__Data provided__
# # # # # # #
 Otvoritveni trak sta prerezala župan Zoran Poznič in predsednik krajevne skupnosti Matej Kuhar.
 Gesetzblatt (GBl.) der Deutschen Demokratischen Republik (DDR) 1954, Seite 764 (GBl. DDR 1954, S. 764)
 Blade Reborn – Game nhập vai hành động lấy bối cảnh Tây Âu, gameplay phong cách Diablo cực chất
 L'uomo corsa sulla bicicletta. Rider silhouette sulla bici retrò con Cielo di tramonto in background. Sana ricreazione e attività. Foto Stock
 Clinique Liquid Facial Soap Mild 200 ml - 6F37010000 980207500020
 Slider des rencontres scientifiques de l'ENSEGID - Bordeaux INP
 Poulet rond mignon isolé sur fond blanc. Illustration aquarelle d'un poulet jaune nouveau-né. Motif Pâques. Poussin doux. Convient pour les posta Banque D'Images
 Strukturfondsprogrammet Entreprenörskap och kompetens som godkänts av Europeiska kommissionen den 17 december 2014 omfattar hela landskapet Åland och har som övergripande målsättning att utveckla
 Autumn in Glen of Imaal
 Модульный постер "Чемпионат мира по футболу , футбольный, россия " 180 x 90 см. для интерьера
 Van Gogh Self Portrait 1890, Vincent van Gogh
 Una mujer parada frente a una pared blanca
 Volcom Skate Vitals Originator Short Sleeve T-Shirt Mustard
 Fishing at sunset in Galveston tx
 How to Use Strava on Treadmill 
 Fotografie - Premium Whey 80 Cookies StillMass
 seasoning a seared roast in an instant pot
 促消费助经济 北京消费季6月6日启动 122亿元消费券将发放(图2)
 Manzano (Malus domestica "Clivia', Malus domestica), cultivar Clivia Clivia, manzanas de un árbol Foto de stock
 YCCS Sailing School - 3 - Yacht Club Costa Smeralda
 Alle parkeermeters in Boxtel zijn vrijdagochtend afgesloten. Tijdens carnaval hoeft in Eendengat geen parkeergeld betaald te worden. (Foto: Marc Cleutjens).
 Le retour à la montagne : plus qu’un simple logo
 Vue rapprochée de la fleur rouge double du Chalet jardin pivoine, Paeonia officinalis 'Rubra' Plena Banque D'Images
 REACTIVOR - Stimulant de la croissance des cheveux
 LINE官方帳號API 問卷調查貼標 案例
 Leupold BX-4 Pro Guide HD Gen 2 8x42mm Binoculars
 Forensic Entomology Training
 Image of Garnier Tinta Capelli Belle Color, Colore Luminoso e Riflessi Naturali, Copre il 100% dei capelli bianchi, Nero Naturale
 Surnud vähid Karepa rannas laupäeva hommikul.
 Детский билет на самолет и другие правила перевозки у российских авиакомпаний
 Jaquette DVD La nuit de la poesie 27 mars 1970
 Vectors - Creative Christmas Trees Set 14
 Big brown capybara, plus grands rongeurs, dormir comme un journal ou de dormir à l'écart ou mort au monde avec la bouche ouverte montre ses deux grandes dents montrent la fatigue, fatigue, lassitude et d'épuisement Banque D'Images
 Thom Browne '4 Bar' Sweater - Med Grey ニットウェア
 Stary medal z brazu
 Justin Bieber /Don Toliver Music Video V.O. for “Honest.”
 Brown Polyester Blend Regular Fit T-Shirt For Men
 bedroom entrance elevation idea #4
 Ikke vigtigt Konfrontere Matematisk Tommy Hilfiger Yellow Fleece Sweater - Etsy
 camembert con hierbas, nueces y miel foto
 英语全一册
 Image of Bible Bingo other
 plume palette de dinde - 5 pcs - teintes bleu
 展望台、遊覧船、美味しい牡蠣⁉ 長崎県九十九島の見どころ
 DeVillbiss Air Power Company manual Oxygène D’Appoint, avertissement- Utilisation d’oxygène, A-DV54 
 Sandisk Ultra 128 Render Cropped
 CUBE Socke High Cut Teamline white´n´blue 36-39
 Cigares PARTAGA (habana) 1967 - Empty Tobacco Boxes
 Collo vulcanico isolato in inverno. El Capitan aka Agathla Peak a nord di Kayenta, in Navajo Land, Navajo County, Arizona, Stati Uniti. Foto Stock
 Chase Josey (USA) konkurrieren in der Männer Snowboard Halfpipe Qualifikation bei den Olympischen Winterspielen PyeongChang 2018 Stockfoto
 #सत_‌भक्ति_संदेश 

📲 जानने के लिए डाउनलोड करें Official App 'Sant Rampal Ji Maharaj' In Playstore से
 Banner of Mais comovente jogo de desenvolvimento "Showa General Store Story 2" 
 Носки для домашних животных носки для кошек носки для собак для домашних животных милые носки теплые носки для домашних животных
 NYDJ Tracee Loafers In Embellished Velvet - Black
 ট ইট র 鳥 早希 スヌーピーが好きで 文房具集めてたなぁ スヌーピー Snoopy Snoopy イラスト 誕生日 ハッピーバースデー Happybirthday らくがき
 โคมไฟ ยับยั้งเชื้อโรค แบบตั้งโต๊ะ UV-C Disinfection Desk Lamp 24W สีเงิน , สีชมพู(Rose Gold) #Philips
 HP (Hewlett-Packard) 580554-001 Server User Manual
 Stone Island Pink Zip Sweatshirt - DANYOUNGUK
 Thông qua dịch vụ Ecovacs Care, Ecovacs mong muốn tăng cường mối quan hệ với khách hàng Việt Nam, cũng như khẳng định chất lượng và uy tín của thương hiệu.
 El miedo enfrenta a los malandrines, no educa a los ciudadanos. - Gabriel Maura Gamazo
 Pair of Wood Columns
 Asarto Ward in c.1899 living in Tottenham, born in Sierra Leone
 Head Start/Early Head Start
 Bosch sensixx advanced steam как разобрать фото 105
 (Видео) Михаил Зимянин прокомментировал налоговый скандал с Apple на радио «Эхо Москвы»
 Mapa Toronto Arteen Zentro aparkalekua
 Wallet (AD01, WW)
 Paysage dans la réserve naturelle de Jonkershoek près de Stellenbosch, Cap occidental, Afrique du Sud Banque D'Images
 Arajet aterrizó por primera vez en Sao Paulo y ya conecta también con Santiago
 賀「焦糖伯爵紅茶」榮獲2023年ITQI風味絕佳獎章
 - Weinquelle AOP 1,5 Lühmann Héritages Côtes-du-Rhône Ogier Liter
# # # # # # #
__Problem requirements__
In the listing above, find the line with "DeVillbiss Air Power" and the line with "Bosch sensixx advanced", then reproduce both and every line between them exactly.

__Written response__
 DeVillbiss Air Power Company manual Oxygène D’Appoint, avertissement- Utilisation d’oxygène, A-DV54 
 Sandisk Ultra 128 Render Cropped
 CUBE Socke High Cut Teamline white´n´blue 36-39
 Cigares PARTAGA (habana) 1967 - Empty Tobacco Boxes
 Collo vulcanico isolato in inverno. El Capitan aka Agathla Peak a nord di Kayenta, in Navajo Land, Navajo County, Arizona, Stati Uniti. Foto Stock
 Chase Josey (USA) konkurrieren in der Männer Snowboard Halfpipe Qualifikation bei den Olympischen Winterspielen PyeongChang 2018 Stockfoto
 #सत_‌भक्ति_संदेश 

📲 जानने के लिए डाउनलोड करें Official App 'Sant Rampal Ji Maharaj' In Playstore से
 Banner of Mais comovente jogo de desenvolvimento "Showa General Store Story 2" 
 Носки для домашних животных носки для кошек носки для собак для домашних животных милые носки теплые носки для домашних животных
 NYDJ Tracee Loafers In Embellished Velvet - Black
 ট ইট র 鳥 早希 スヌーピーが好きで 文房具集めてたなぁ スヌーピー Snoopy Snoopy イラスト 誕生日 ハッピーバースデー Happybirthday らくがき
 โคมไฟ ยับยั้งเชื้อโรค แบบตั้งโต๊ะ UV-C Disinfection Desk Lamp 24W สีเงิน , สีชมพู(Rose Gold) #Philips
 HP (Hewlett-Packard) 580554-001 Server User Manual
 Stone Island Pink Zip Sweatshirt - DANYOUNGUK
 Thông qua dịch vụ Ecovacs Care, Ecovacs mong muốn tăng cường mối quan hệ với khách hàng Việt Nam, cũng như khẳng định chất lượng và uy tín của thương hiệu.
 El miedo enfrenta a los malandrines, no educa a los ciudadanos. - Gabriel Maura Gamazo
 Pair of Wood Columns
 Asarto Ward in c.1899 living in Tottenham, born in Sierra Leone
 Head Start/Early Head Start
 Bosch sensixx advanced steam как разобрать фото 105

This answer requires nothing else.